Lycoming County residents have formed a network to support their immigrant neighbors amid rising concerns over the Trump administration's mass deportations.
One group provides rides and accompanies families on errands and to appointments, while the other operates a 24-hour phone number for local reports of ICE activity. Both organizations aim to observe and document local interactions with ICE, and follow up as needed.
The groups, which have about 50 volunteers, formed in response to anxiety among Lycoming County’s relatively small immigrant community, 1.3%, according to U.S. Census data.
There were several arrests of workers from a local roofing company over the summer and fall, and everyday tasks — from grocery shopping to medical appointments — have become more difficult for families who fear potential encounters with authorities, volunteers told Spotlight PA.
Organizers stress that neither network interferes with law enforcement, saying they offer support only to help residents feel less alone.
“If ICE is going to pick someone up, we can’t do anything to stop it,” City Alliance Church Pastor Nithin Thompson told Spotlight PA. “But what we can do is, we can witness it. We can document it, and we can share our stories with other people.”
One group typically arranges rides and errands in advance, matching volunteers based on schedules and needs. The goal, Thompson said, is for nothing to happen.
“Boring is the win,” he added.
The other group, in charge of rapid response, manages a 24-hour phone number — 570-212-9183 — so the public can report ICE activity in real time.
The groups coordinate through word of mouth, social media, and group chats.
Volunteers said that their presence in the community doesn’t guarantee anything, but even small acts, like walking someone to the bus stop, can reduce stress for people who might otherwise avoid leaving home. And in the event of an encounter with ICE or arrest, volunteers document the situation and follow up with the person’s loved ones and possibly that individual’s legal team.
For Phoebe Wagner, a rapid response volunteer, the work comes down to loving their neighbor and helping ensure everyone feels safe.

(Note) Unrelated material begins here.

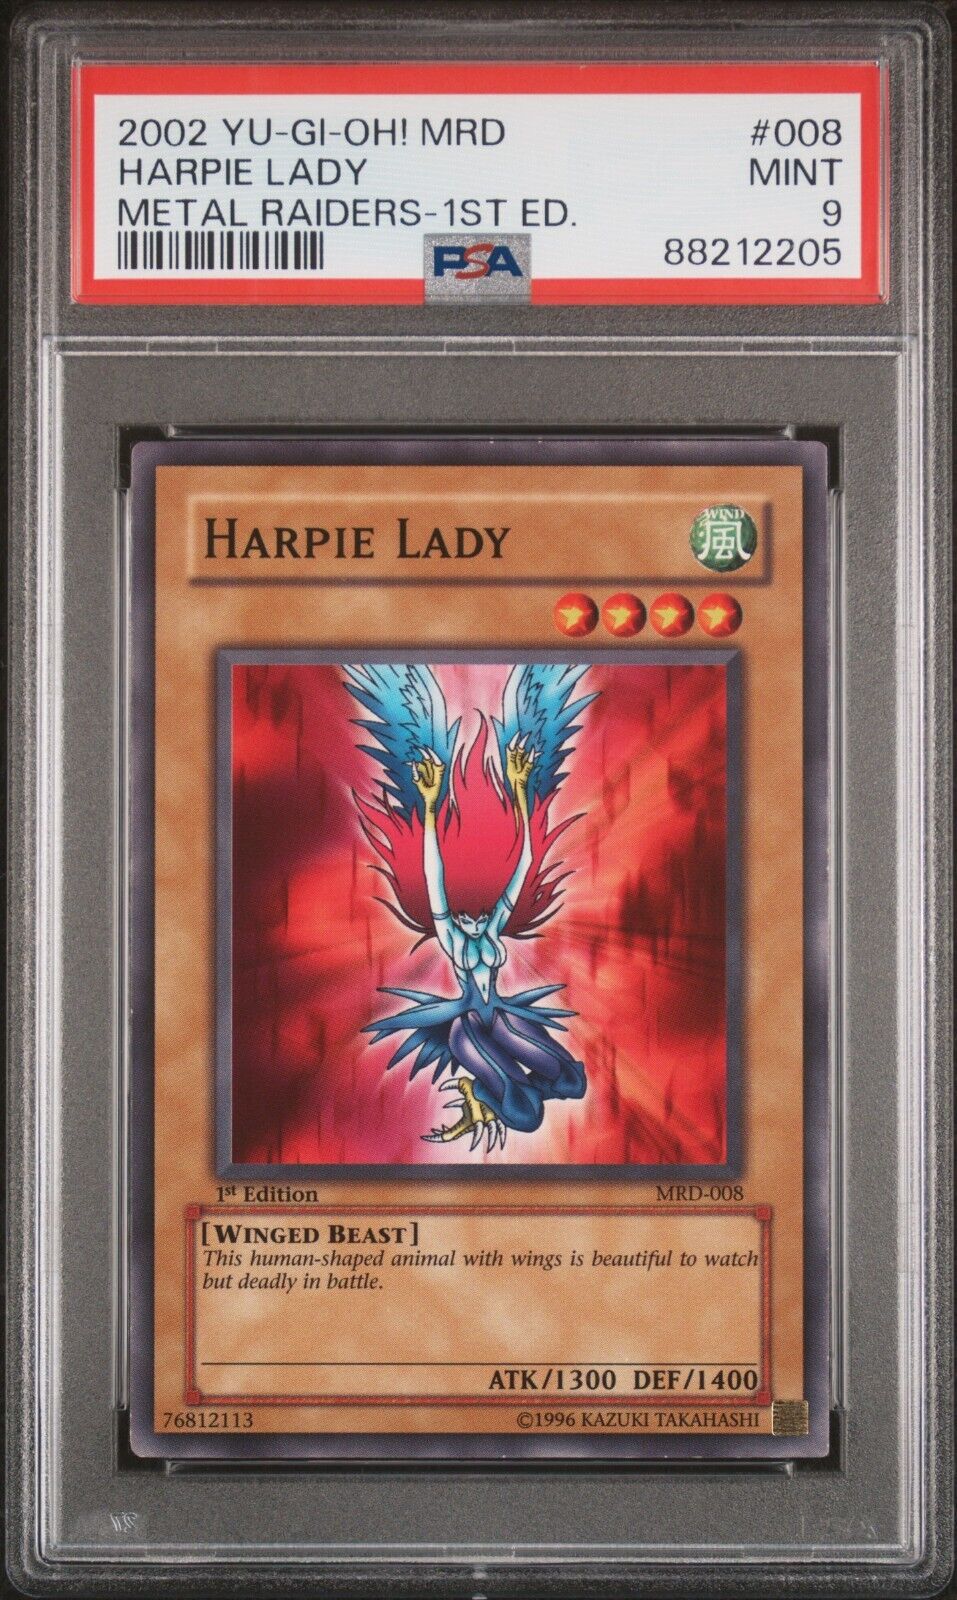 2002 PSA 9 YU-GI-OH Harpie Lady 1st Edition MRD-008 Mint

“No one should be living in fear and feel like they have to black out their windows,” Wagner told Spotlight PA.
Most local trips where a volunteer accompanies an immigrant have been uneventful, said Amanda, an organizer who asked to be identified only by her first name. But the group has also heard from community members who didn’t know the network existed, traveled to appointments outside the area, and were detained.
Another aspect of the group’s work, she added, comes after a detention. Volunteers have helped with tasks like locating the detained person’s car and gathering their personal items.
According to an analysis by Julie Yingling, a Lycoming College criminal justice and criminology professor, from January 2025 through July 29, 2025, ICE arrested 199 people in Lycoming and 18 surrounding rural counties.
She examined information — obtained by the Deportation Data Project through public records requests — and used limited details from Thrive International Programs, an organization that provides immigration legal services, to help her identify some clients among those arrested and deported.
Yingling told Spotlight PA that tracking ICE arrests is difficult because of limited data, and because local cases rarely make the news. And the affected families — who may be left searching for a loved one or suddenly without a working household member to help pay bills — are often afraid to speak publicly.
“The humanity of it gets me,” she said.